_Records shown_:
= = = =
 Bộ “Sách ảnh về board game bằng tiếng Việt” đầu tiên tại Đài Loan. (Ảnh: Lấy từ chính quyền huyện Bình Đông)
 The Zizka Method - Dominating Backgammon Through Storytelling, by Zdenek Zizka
= = = =
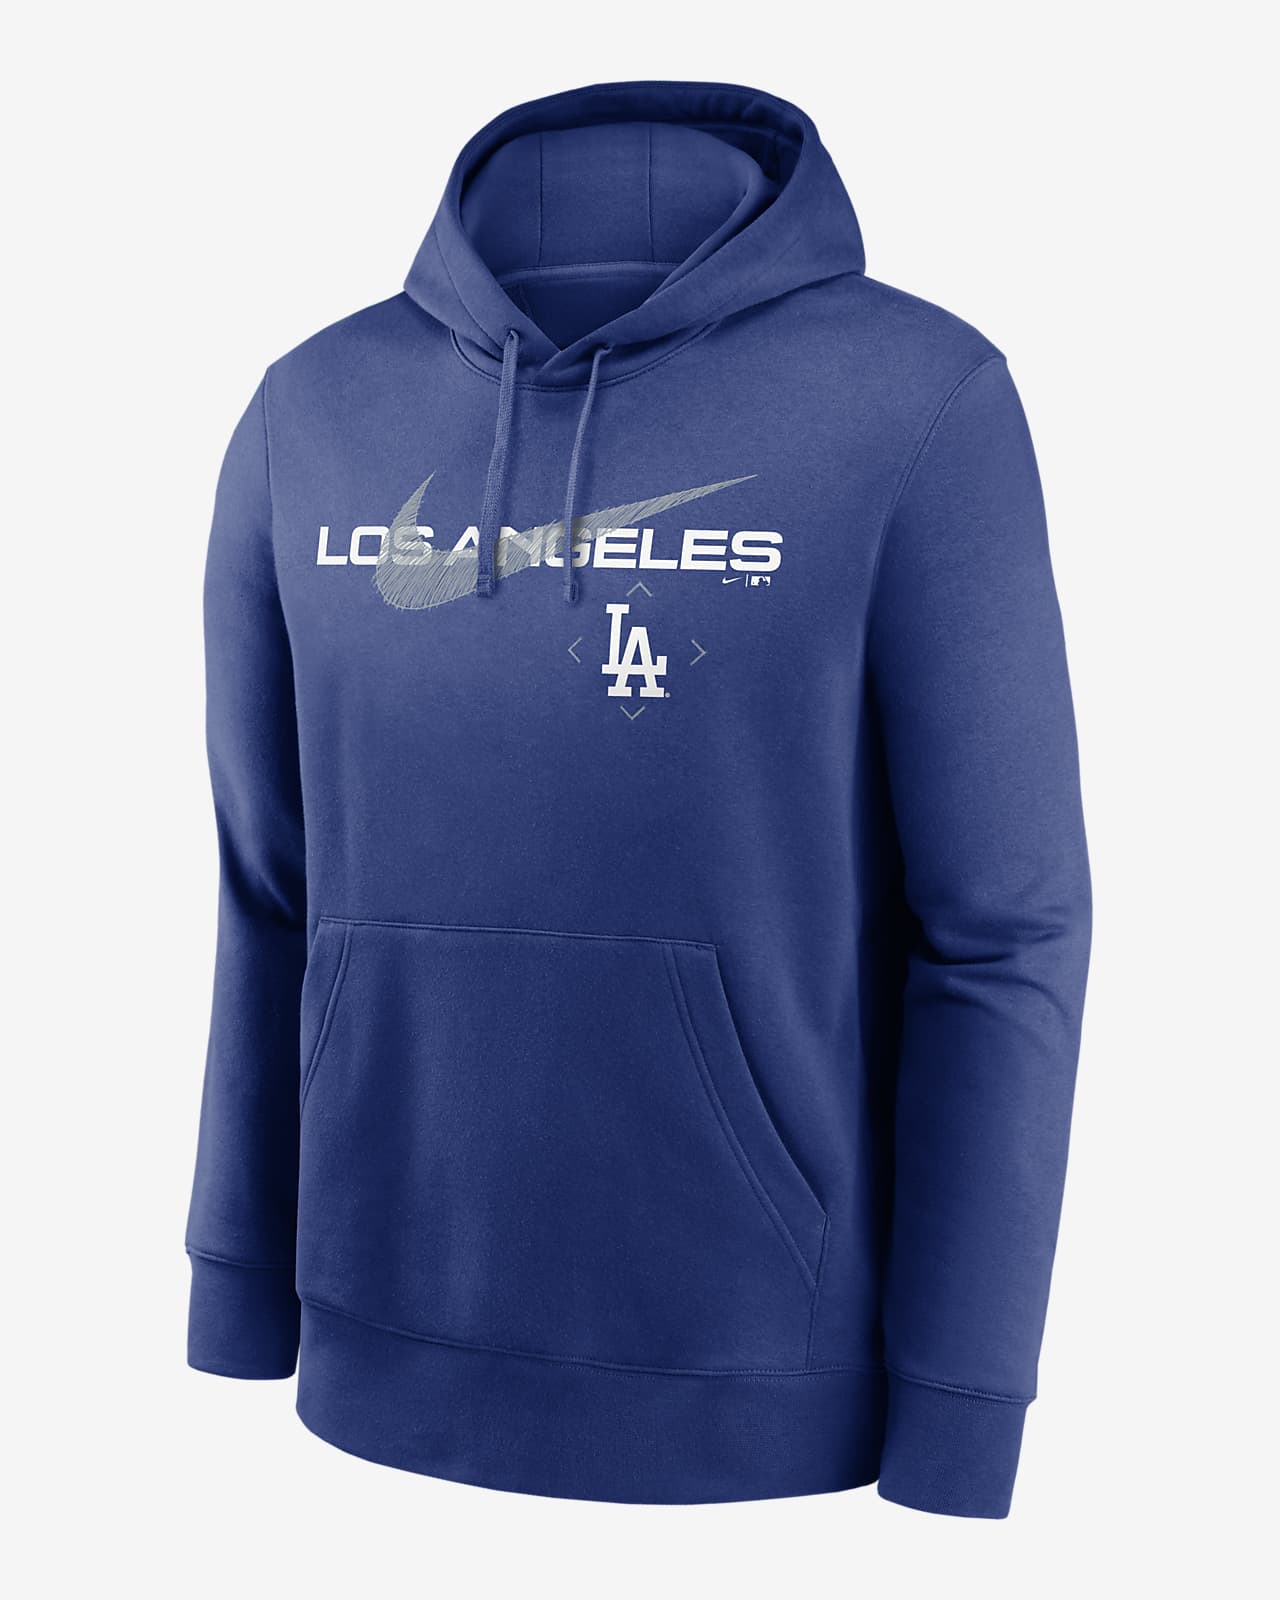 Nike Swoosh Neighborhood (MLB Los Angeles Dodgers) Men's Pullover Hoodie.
= = = =
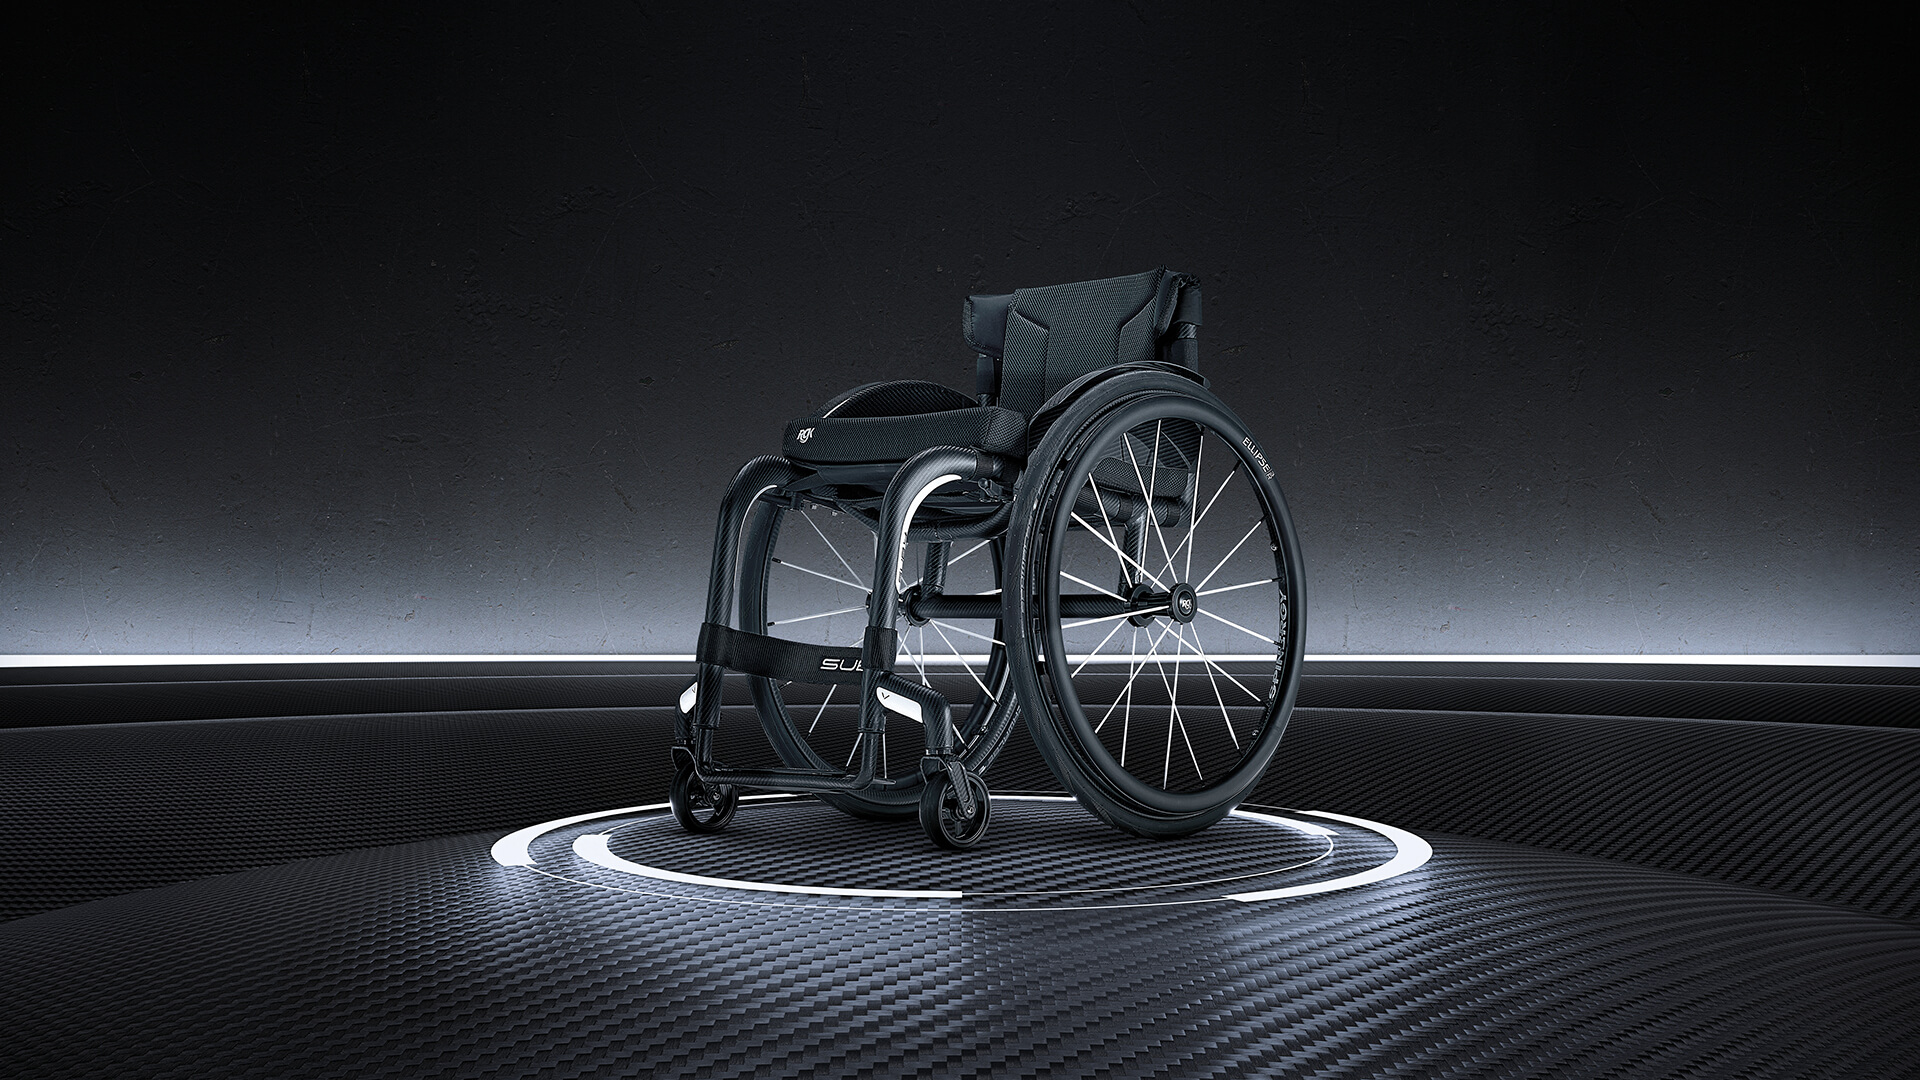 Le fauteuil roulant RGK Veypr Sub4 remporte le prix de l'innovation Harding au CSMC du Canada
= = = =
_What is expected_: Look above for the line with "huyện Bình Đông)" and the line with "The Zizka Method". Write out those two lines and all the lines between them, exactly, and no others.

_Written solution_:
 Bộ “Sách ảnh về board game bằng tiếng Việt” đầu tiên tại Đài Loan. (Ảnh: Lấy từ chính quyền huyện Bình Đông)
 The Zizka Method - Dominating Backgammon Through Storytelling, by Zdenek Zizka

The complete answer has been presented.